Get started for free

Multimodal IngestionLink to section

For the vast majority of our embedding purposes, our goal is to create a true end-to-end representation pipeline, where we retrieve information from exactly where it lives in the embedding space, surrounded by all the valuable context.

This means that audio files are first pre-processed to maximize quality before being passed to the model, which dynamically splits it into meaningful units on its own. For textual inputs, we have a series of pre-processing steps which ensures the data is broken down into manageable blocks ("chunks") while maintaining all necessary context. Code is treated as its own separate input, with the AST parsed to determine logical cutoff points. For images, the model natively processes pixels.

As for document formats, like PDFs and PowerPoint, every single page is individually exported to screenshots of the pages, ensuring that all visual and layout information, such as tables and graphs, are preserved and represented as individual semantic units, with context such as headings preserved across pages.

Multimodal Ingestion

Unlike most other systems where the model's training data is largely decoupled from expected real-world inputs, our model is trained specifically on the output of these pre-processing steps. This ensures that it is fully optimized to retrieve documents exactly as they will be in production and yield more accurate search results.

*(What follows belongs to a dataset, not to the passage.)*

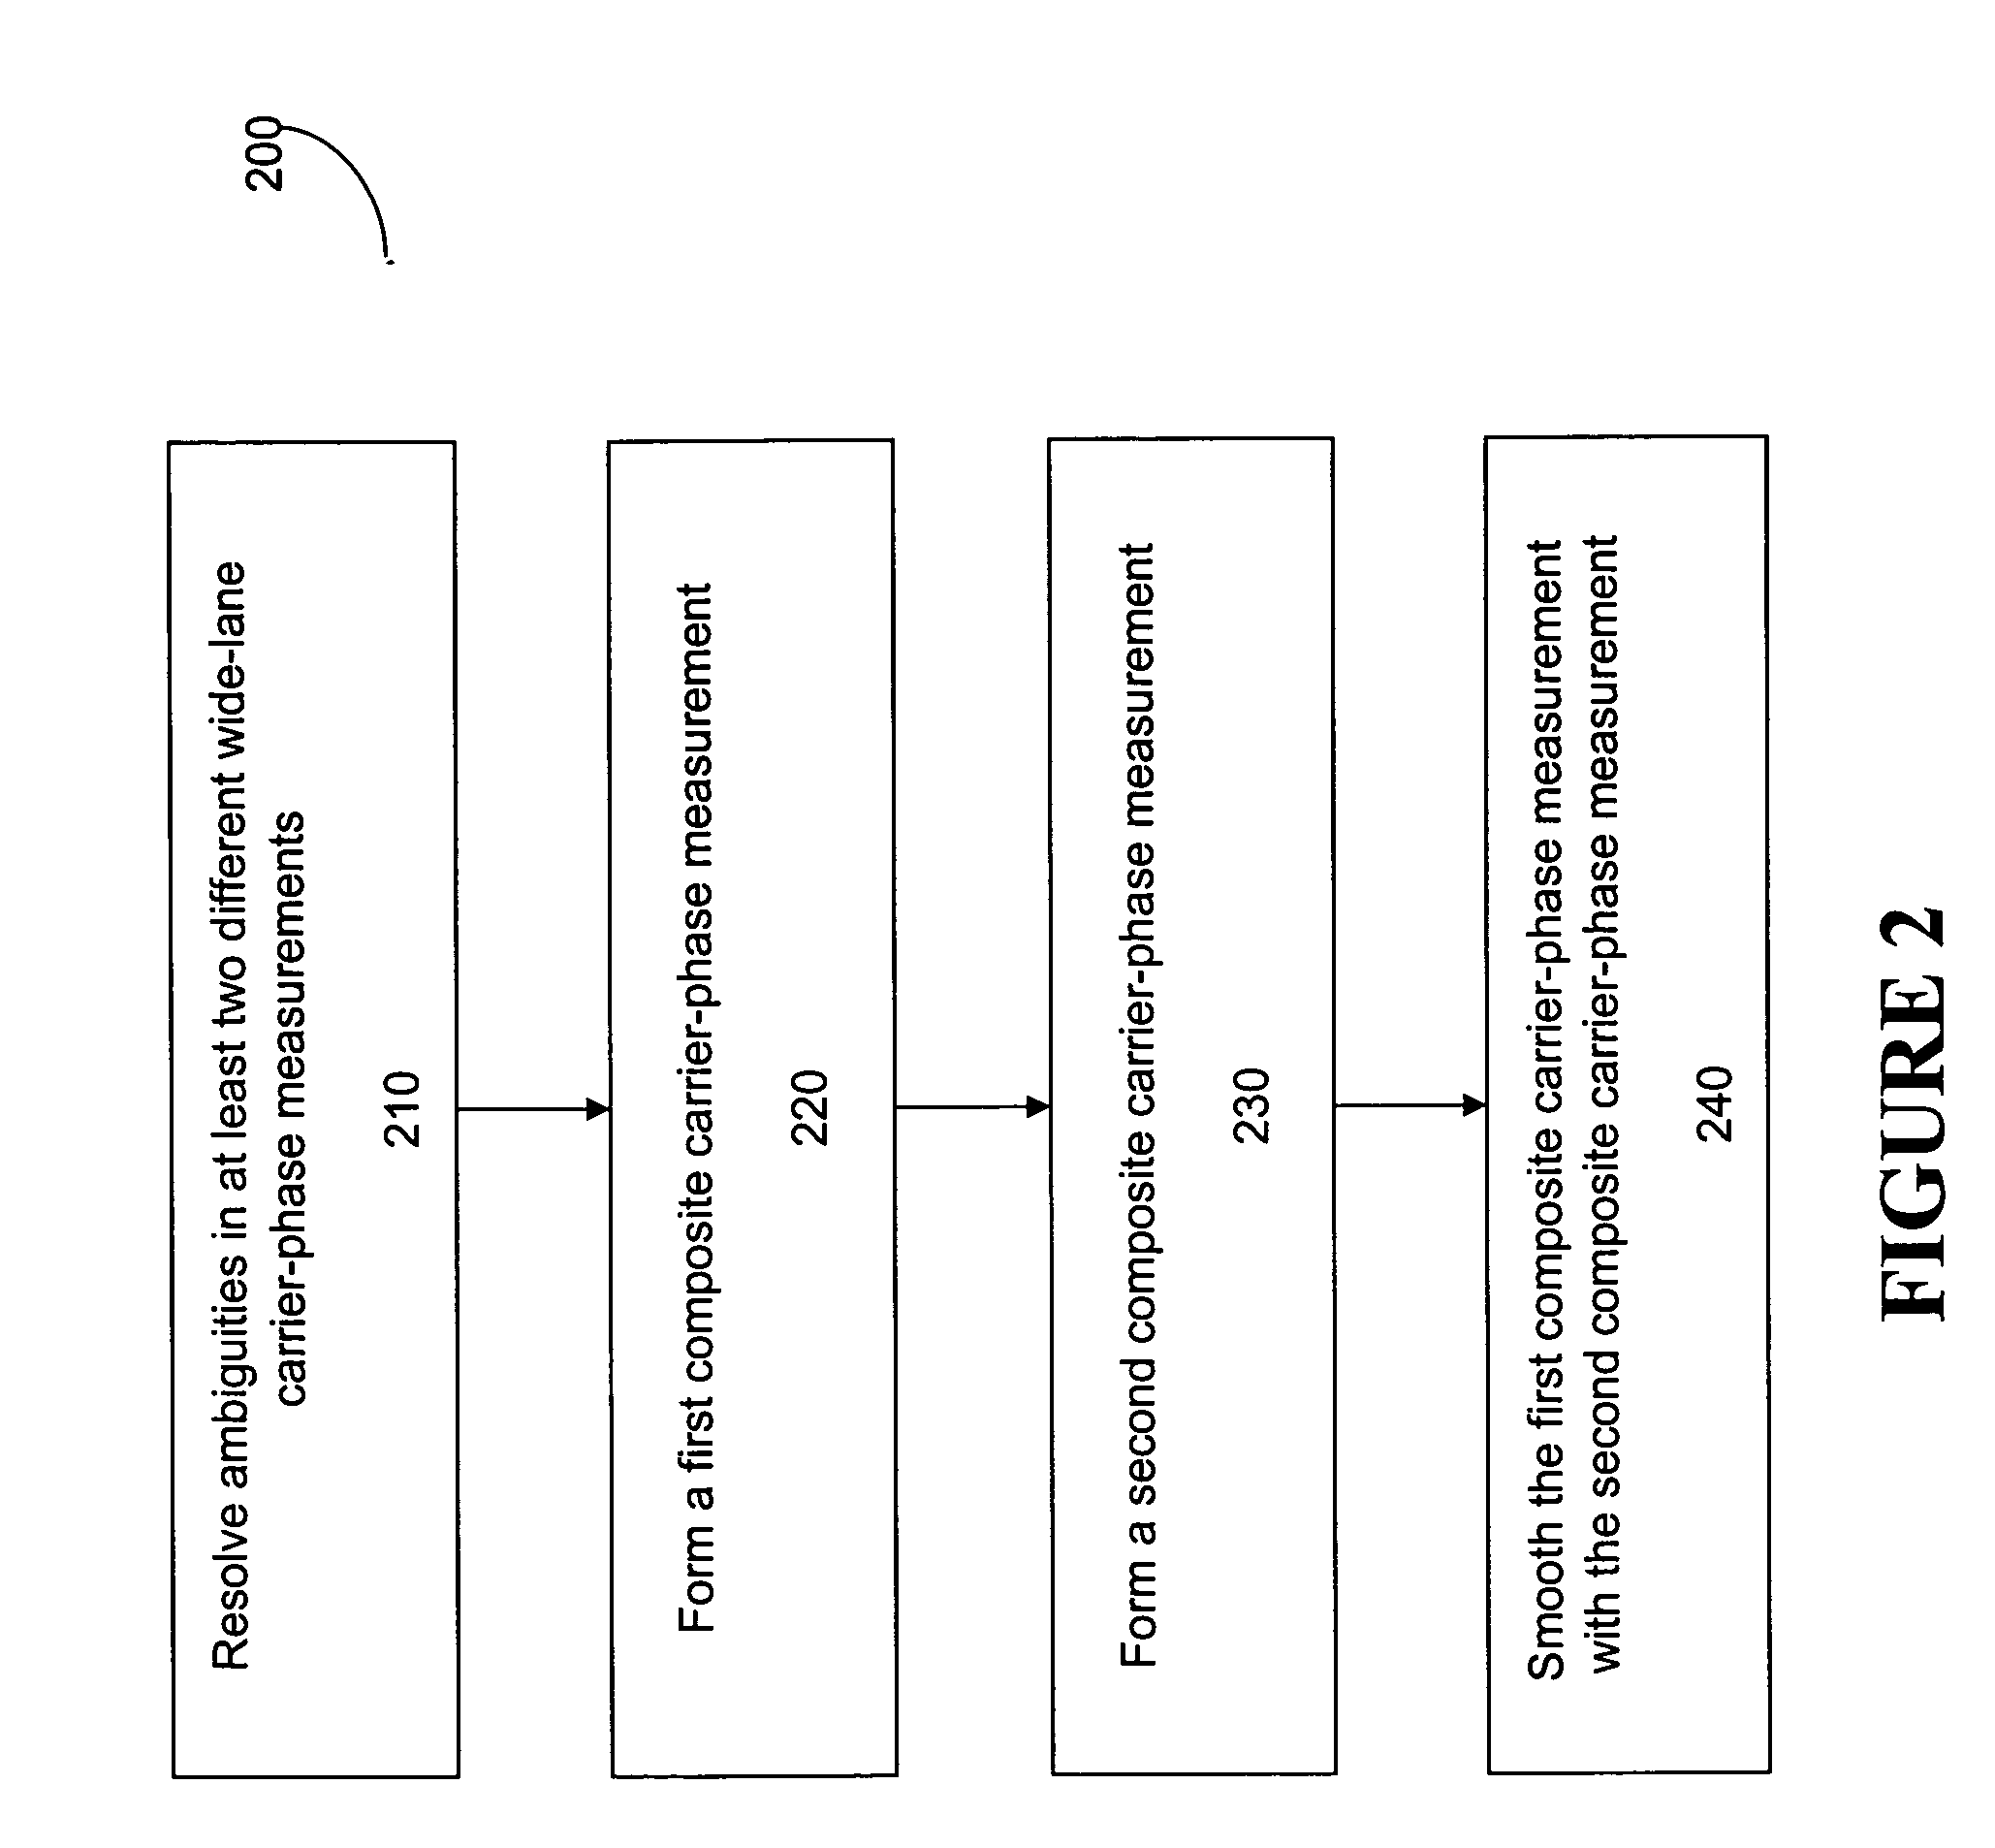 Method for using three GPS frequencies to resolve carrier-phase integer ambiguities

Even though our model can process the format of every type of document natively, that does not mean that downstream applications can use this information as effectively. Up until recently, the vast majority of the world's applications were built with text as the first-class, and often only, citizen. As such, parallel to preparing inputs for representation, our ingestion pipeline also runs a full document analysis step to extract texts from the input. As a result, audio and video files are transcribed, and PDFs are converted into fully human and LLM-readable markdown format using our custom OCR pipeline.

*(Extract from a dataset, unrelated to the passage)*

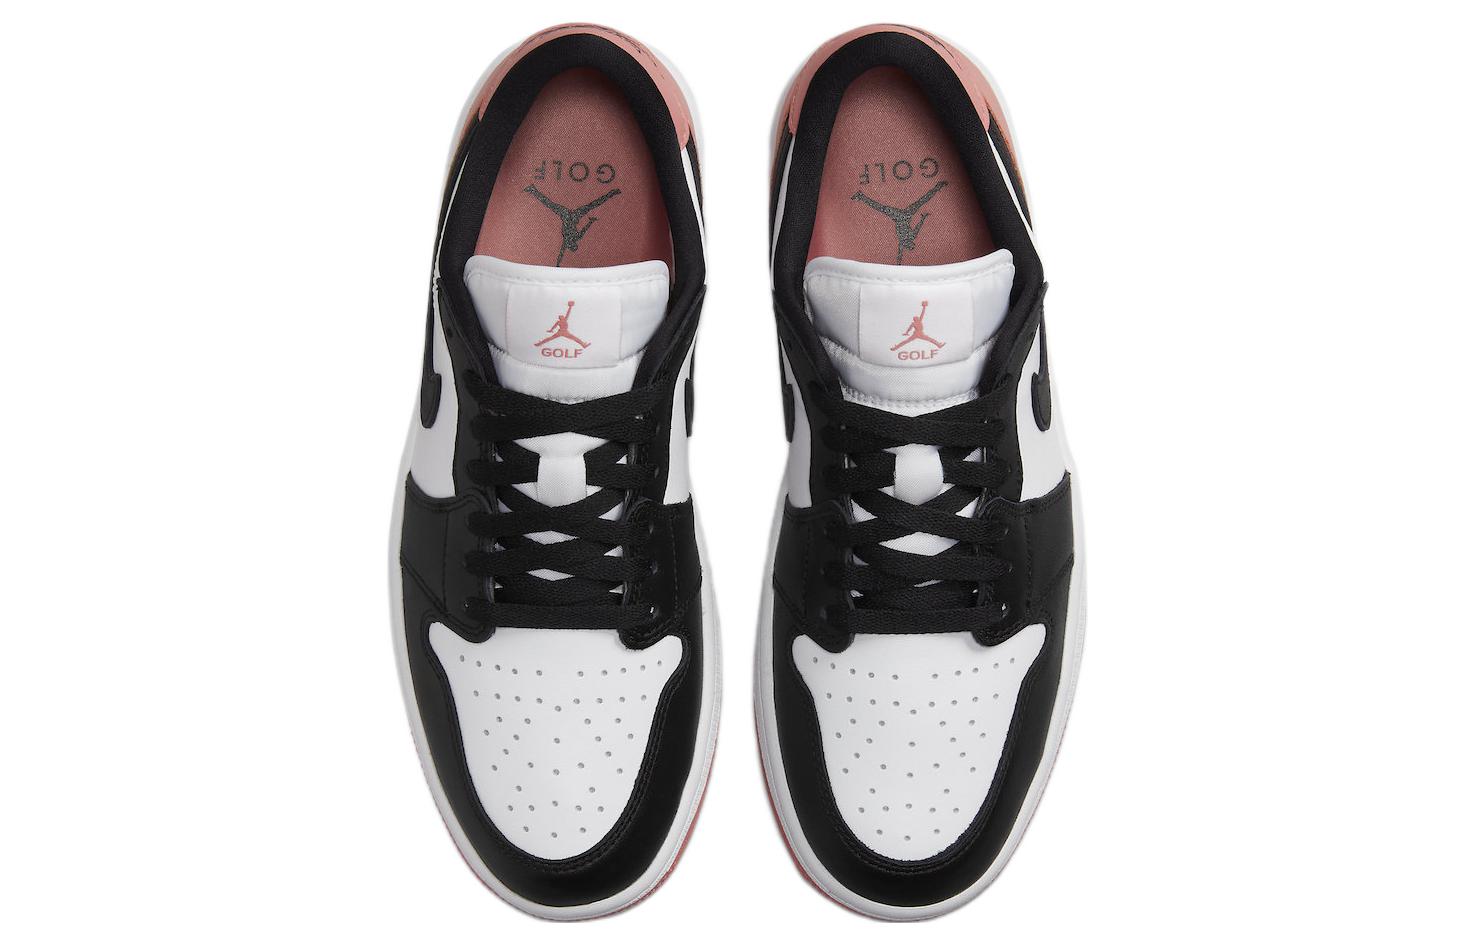 Air Jordan 1 Retro Low Golf 'Rust Pink' DD9315-106 Epoch-Defining Shoes - Click Image to Close

Multimodal Late-Interaction EncodingLink to section

"Traditional" semantic search relies on a simple, single-vector approach: an input is provided to a model, which then outputs a single vector representing the entire document. Single-vector search has many advantages. It is fast and exceedingly simple to implement. However, it is also extremely lossy: while a single vector can capture paraphrases and general meaning well, it dilutes details and precise intent, and it struggles with information-dense documents, such as technical, legal documents and academic papers, especially in multimodal settings.

ColBERT pioneers a multi-vector approach, which replaced traditional single-vector representations with individual, lower-dimension token-level representations. These token-level representations preserve fine-grained information in both the query and the documents. In practice, it yields more accurate search results in out-of-distribution settings, where real-world papers, slideshows or long-context texts may look fundamentally different from the training data. For example, our 17 million parameter open-source ColBERT outperforms 8 billion parameter embedding models on the LongEmbed benchmark, which measures the ability of embedding models to perform long-context retrieval tasks.

In our experiments, we found that not only can multi-vector representations be compressed while continuing to capture fine-grained meaning, they also significantly outperform single-vector alternatives on image, video and audio search.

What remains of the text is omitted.